Whether after a crash or data restoration, data files must be consistent during the startup stage in order to accept write access to data again. What a terrible surprise when the startup fails with the following error:
PANIC: could not locate a valid checkpoint record
At this moment of startup stage, the cluster does not find any consistent point between data files and fails to look after the nearest checkpoint record. Without transactions logs, crash recovery fails and stops. At this point, your nerves and your backup policy are put to the test.
To put it another way: in lacks of WAL or theirs archives, your most recent data is lost.
… And pg_resetwal will not bring them back to you.
And comes backup label
After this lovely warning, we will consider that the archiving of transaction logs is no longer an option when you are making backups. Make sure that these archives are stored in a secure place, or even a decentralized area so that they are accessible by all standby clusters when you need to trigger your failover plan.
For those who have reached this part of the post, you should not be too lost if I tell you that the backup label file is a component of a larger concept called: backup.
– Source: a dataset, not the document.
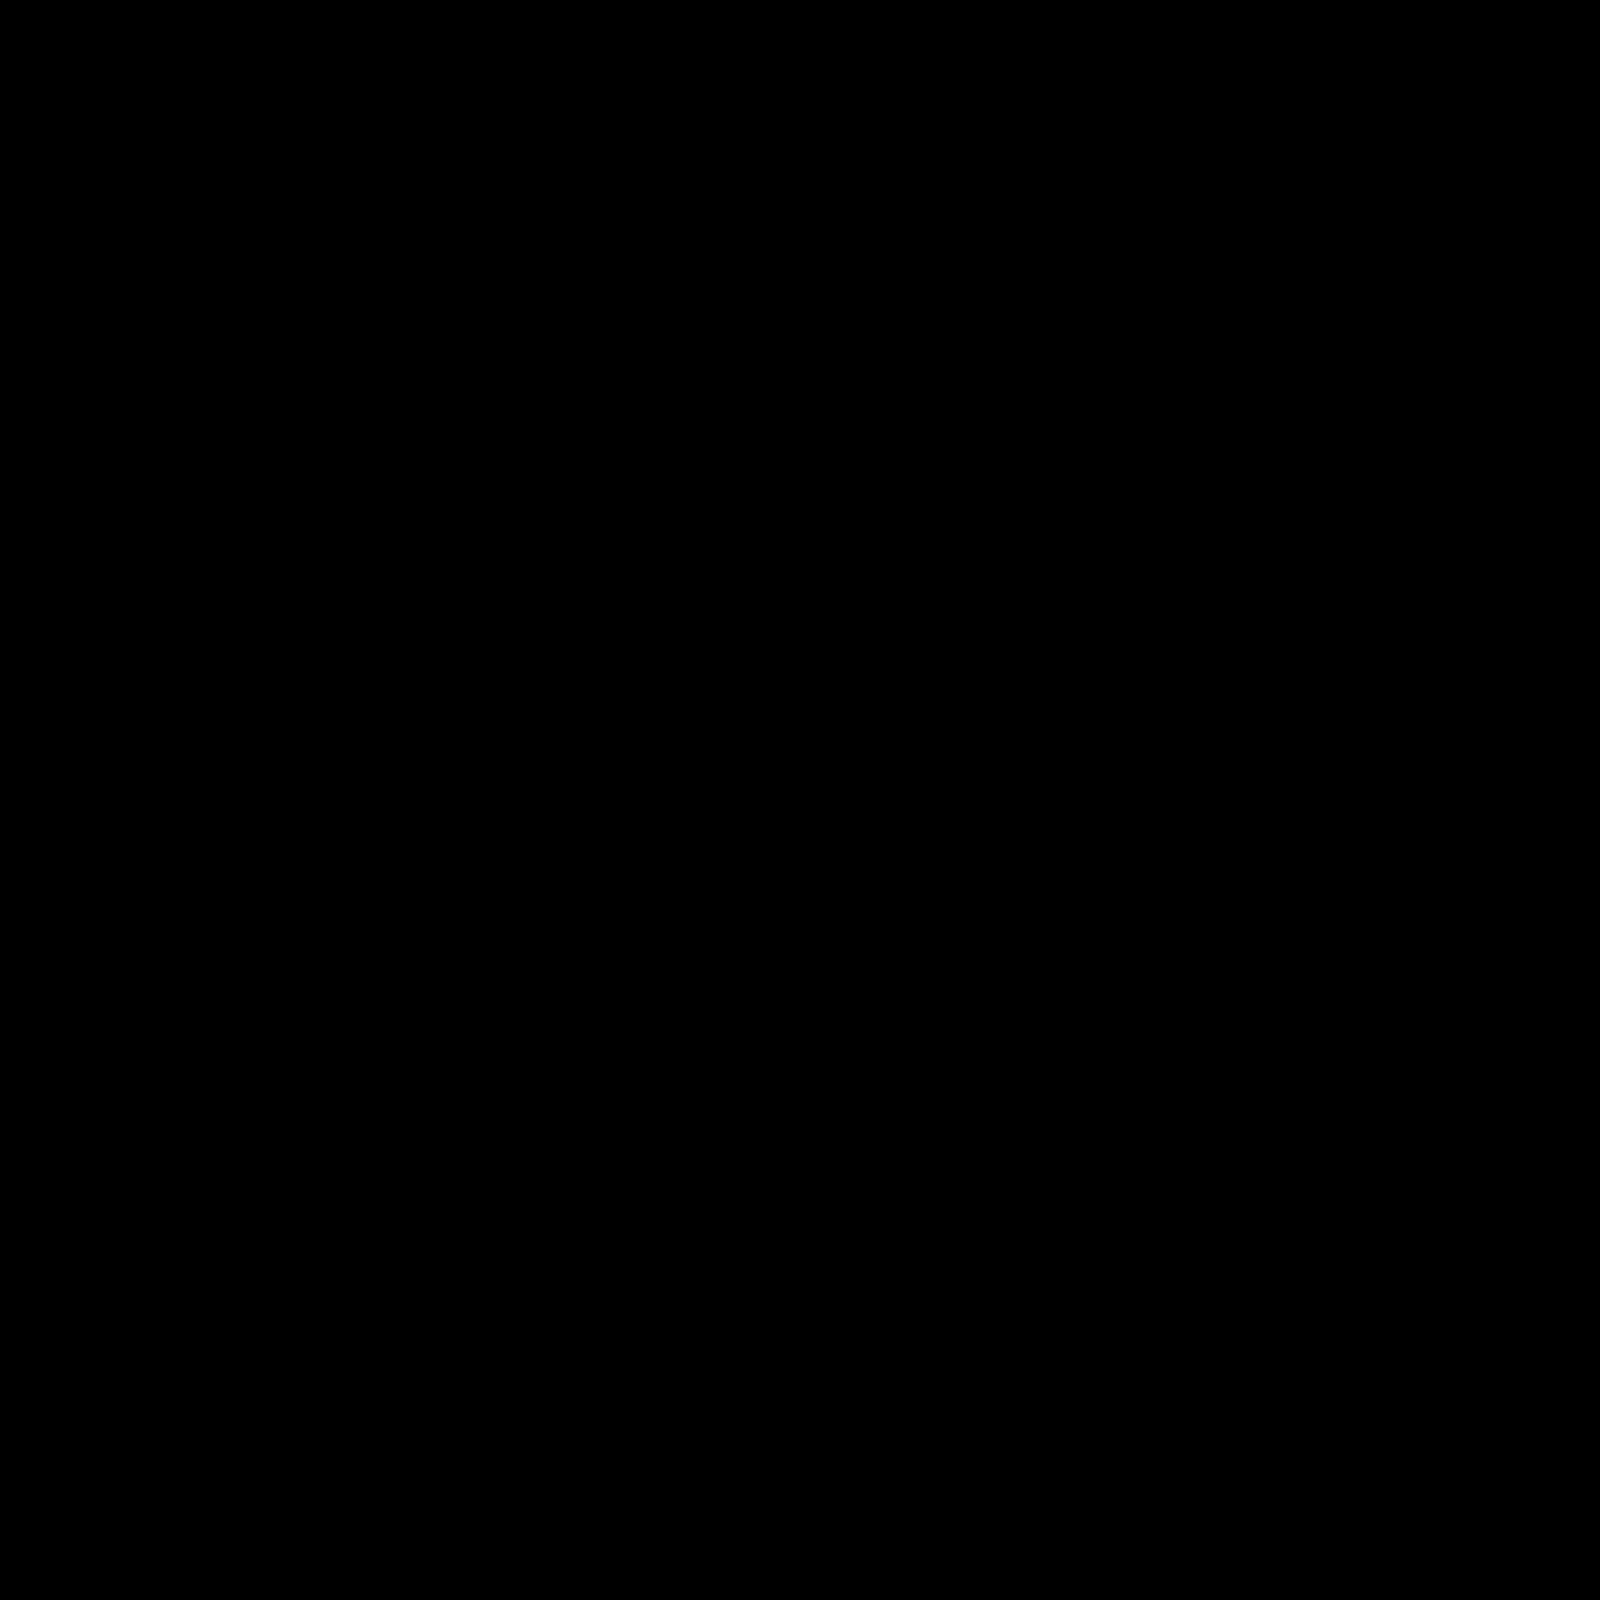 Hand Poking Tool icon

The backup history file is just a small text file. It contains the label string you gave to
pg_basebackup
, as well as the starting and ending times and WAL segments of the backup. If you used the label to identify the associated dump file, then the archived history file is enough to tell you which dump file to restore.Source: Making a Base Backup
Let’s see the simplest behavior of this documentation-praised tool pg_basebackup
by creating a tar
archive of my running cluster.
$ pg_basebackup --label=demo --pgdata=backups --format=tar \
--checkpoint=fast --verbose
pg_basebackup: initiating base backup, waiting for checkpoint to complete
pg_basebackup: checkpoint completed
pg_basebackup: write-ahead log start point: 0/16000028 on timeline 1
pg_basebackup: starting background WAL receiver
pg_basebackup: created temporary replication slot "pg_basebackup_15594"
pg_basebackup: write-ahead log end point: 0/16000100
pg_basebackup: waiting for background process to finish streaming ...
pg_basebackup: syncing data to disk ...
pg_basebackup: renaming backup_manifest.tmp to backup_manifest
pg_basebackup: base backup completed
Since version 10, option --wal-method
is setted on stream
by default, which
means that all present and future WAL segments in subdirectory pg_wal
will be
written in a dedicated archive next to the backup, thanks to a temporary
replication slot.
Since version 13, this tool creates a new manifest backup file in order to verify the integrity of our backup with pg_verifybackup. Let’s explore our working directory to find our long awaited backup label.
$ tree backups/
backups/
├── backup_manifest
├── base.tar
└── pg_wal.tar
$ tar -xf backups/base.tar --to-stdout backup_label
START WAL LOCATION: 0/16000028 (file 000000010000000000000016)
CHECKPOINT LOCATION: 0/16000060
BACKUP METHOD: streamed
BACKUP FROM: master
START TIME: 2021-01-18 15:22:52 CET
LABEL: demo
START TIMELINE: 1
This file is located in root’s archive and will be useful in startup process of
our cluster, since it contains the checkpoint information needed on a recovery
situation. In above example, the sequence number (LSN) is 0/16000060
and will
be found in WAL 000000010000000000000016
. In a lack of a backup label file,
startup process will only have the control file to obtain the most recent
checkpoint, with no guarantee that it is the right one.
The glory age
You will agree with me that content and interest of the backup label file are anecdotal (though essential) in backup architecture with PostgreSQL. It is (just) a few-lines text file, only needed in some recovery processes.
And yet, this small revolution caused by version 8.0 in January 2005 with its new functionality, continuous archiving and PITR mecanism, aroused the creativity of development team in the years that followed. The backup label evolved to gain modularity and stability.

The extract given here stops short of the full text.